While the evidence has grown that the use of SRPs can be a well-targeted strategy for reducing alcohol-related harm, it has also been highlighted that practice in setting SRPs varies substantially from province to province (Thomas, 2012). Giesbrecht et al. (2013) highlighted the following best and promising practices in some provinces:
1. Indexation of SRPs to the cost of living (e.g. Quebec and Ontario);
2. Application of higher prices for higher strength varieties within beverage types in Saskatchewan (e.g., 8.5%+ strength beers have higher SRPs than 5% beers);
3. Higher overall SRPs in some Atlantic provinces, such as Nova Scotia and Newfoundland, when calculated per Canadian standard drink (i.e., 13.45 g ethanol or the amount in a 12 ounce 5% beer, 5 ounce 12% wine or 1.5 ounce 40% spirit-based drink), mostly in the range of $1.50 to $1.75.
More recently, further examples of good practice have emerged.

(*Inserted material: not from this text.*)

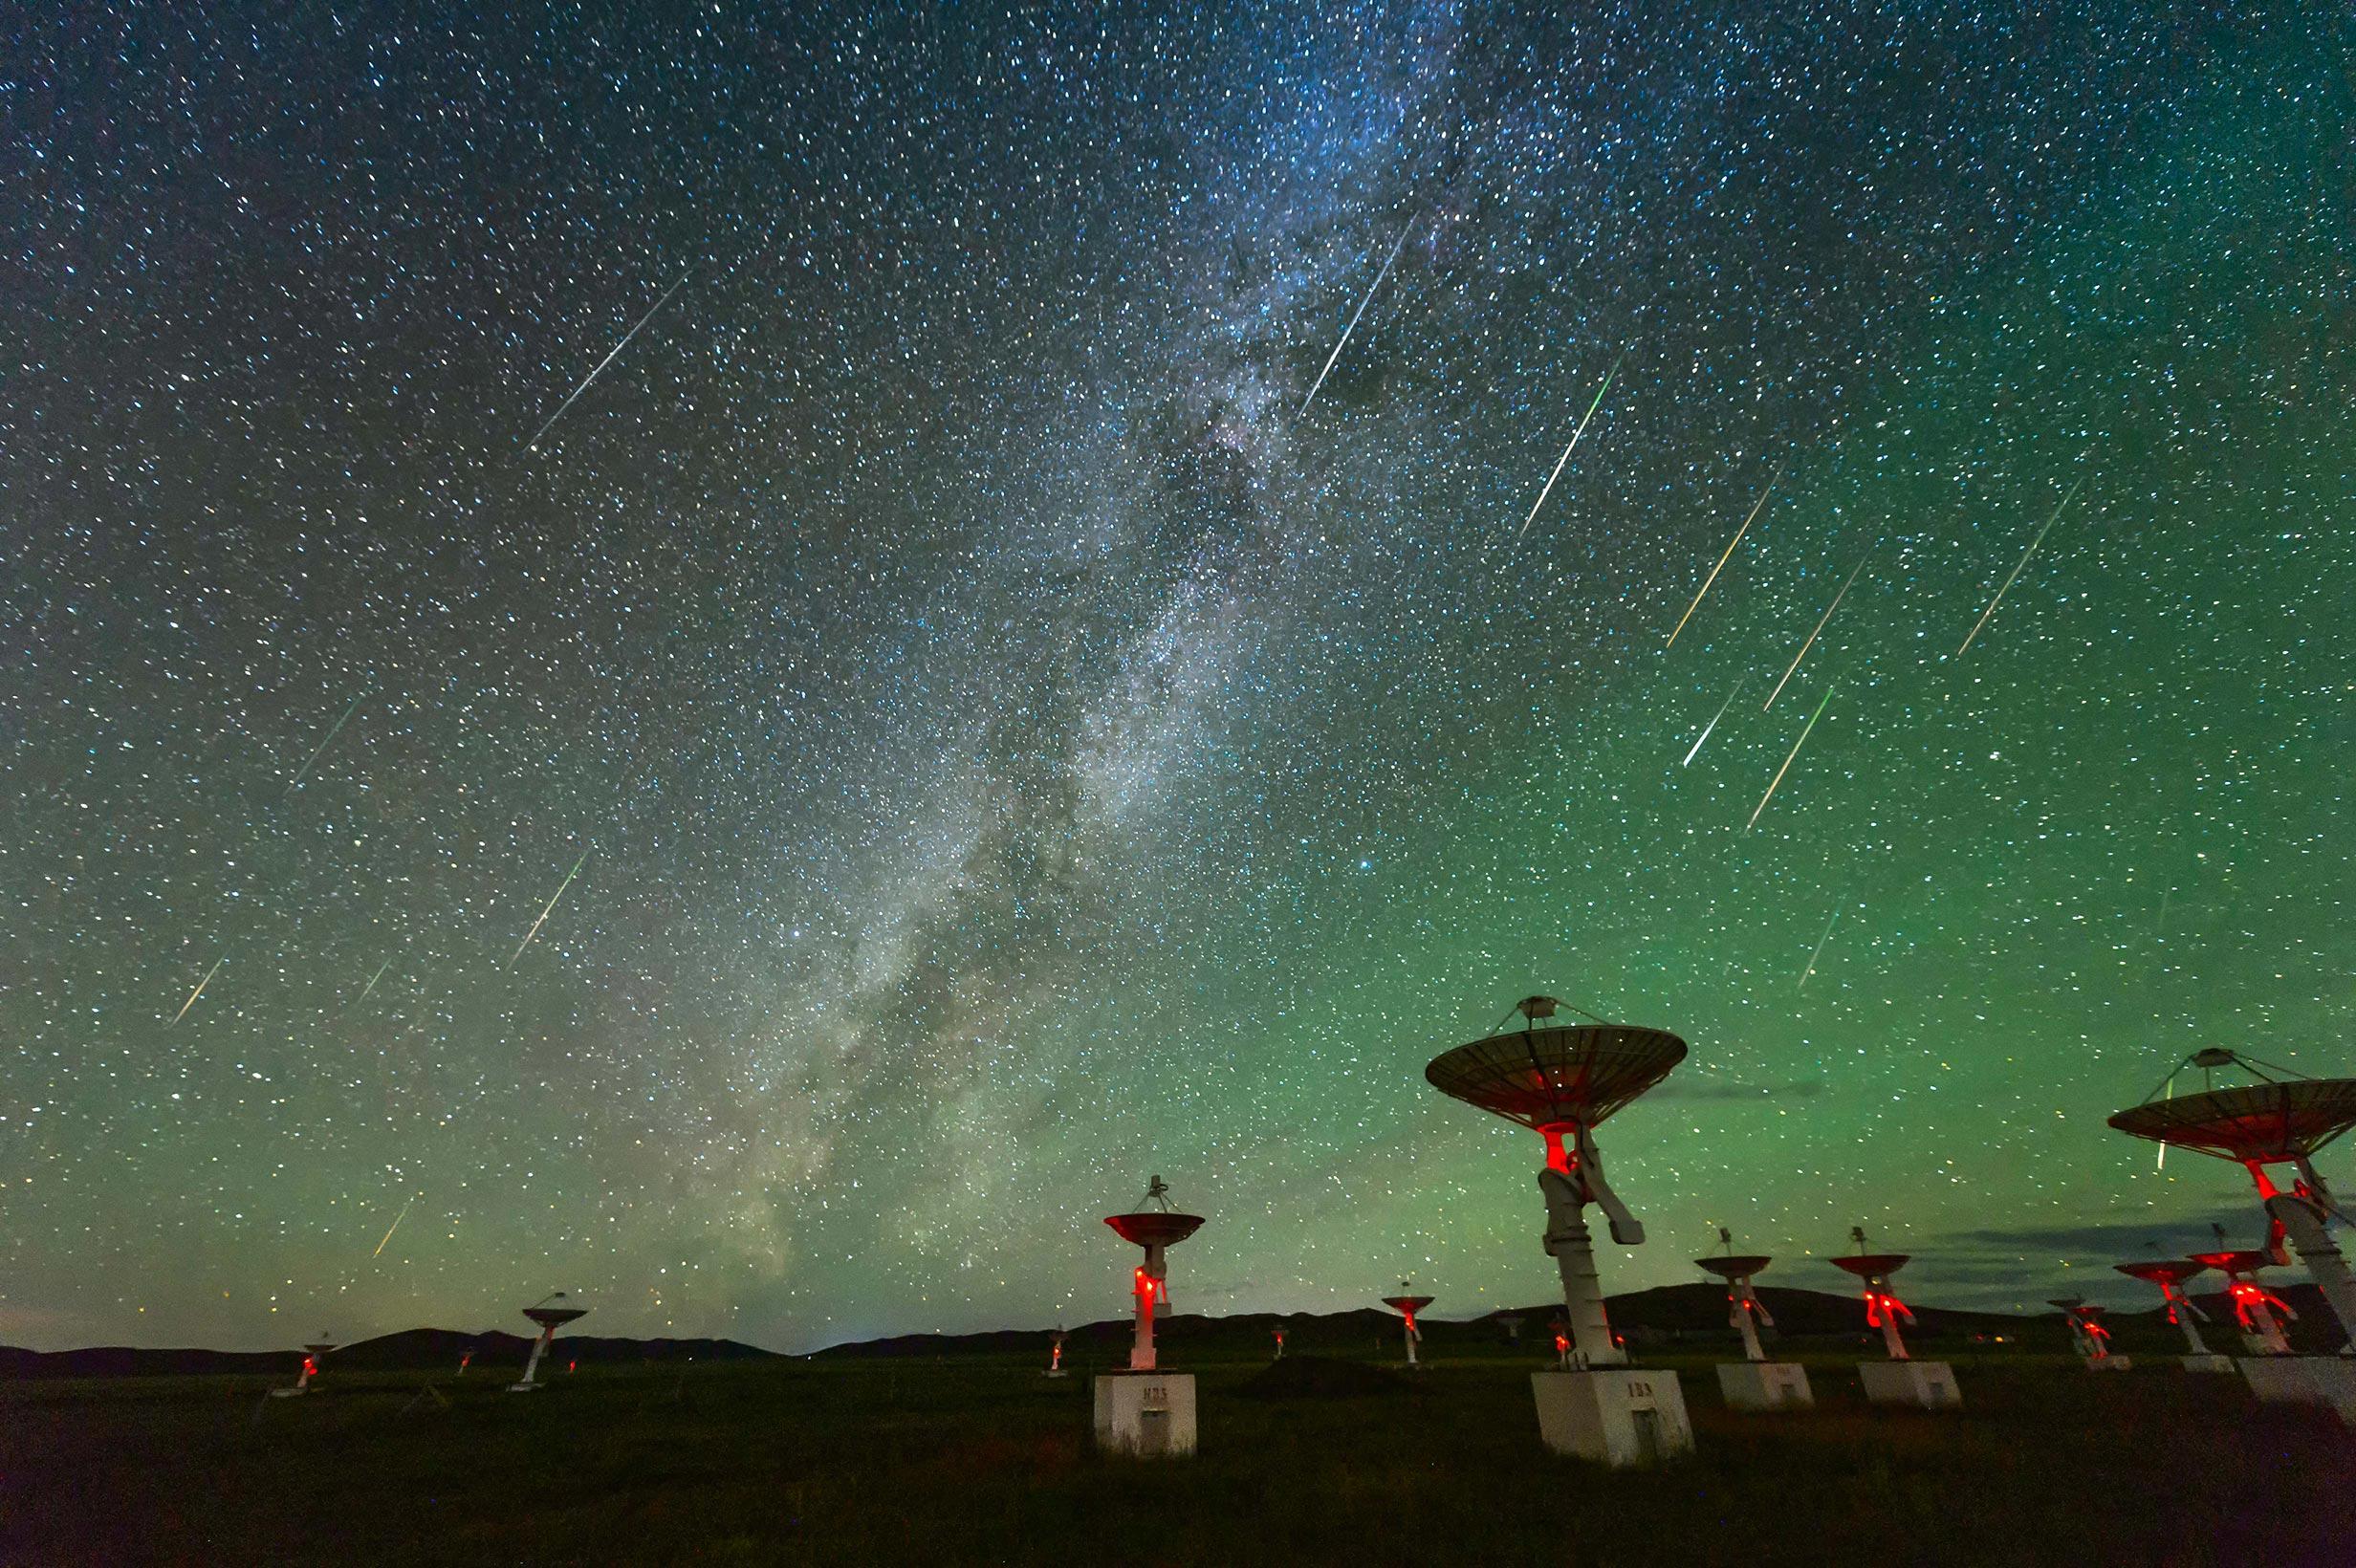 Satellites-radio waves-Milky Way-Contact-

Manitoba announced the introduction of a sliding scale for beer SRPs according to exact alcohol content, starting June 2, 2014 (Lambert, 2014). New Brunswick and Manitoba imposed stricter conditions on SRPs by disallowing heavy discounts on product lines that were not selling well. However, many provinces do not regularly update SRPs with inflation, and many allow loopholes that permit the sale of alcohol below SRPs.
Local economic and cultural factors will incline Canadian provinces and territories to develop their own unique alcohol pricing strategies. Variation in the rates of provincial liquor sales taxes is a particularly important factor determining final retail prices over and above SRP rates. Giesbrecht et al. (2013) noted considerable potential for strengthened public health policy in this area by applying existing best practices in Canada across all jurisdictions. In this document we offer guiding principles rather than exact prescriptions.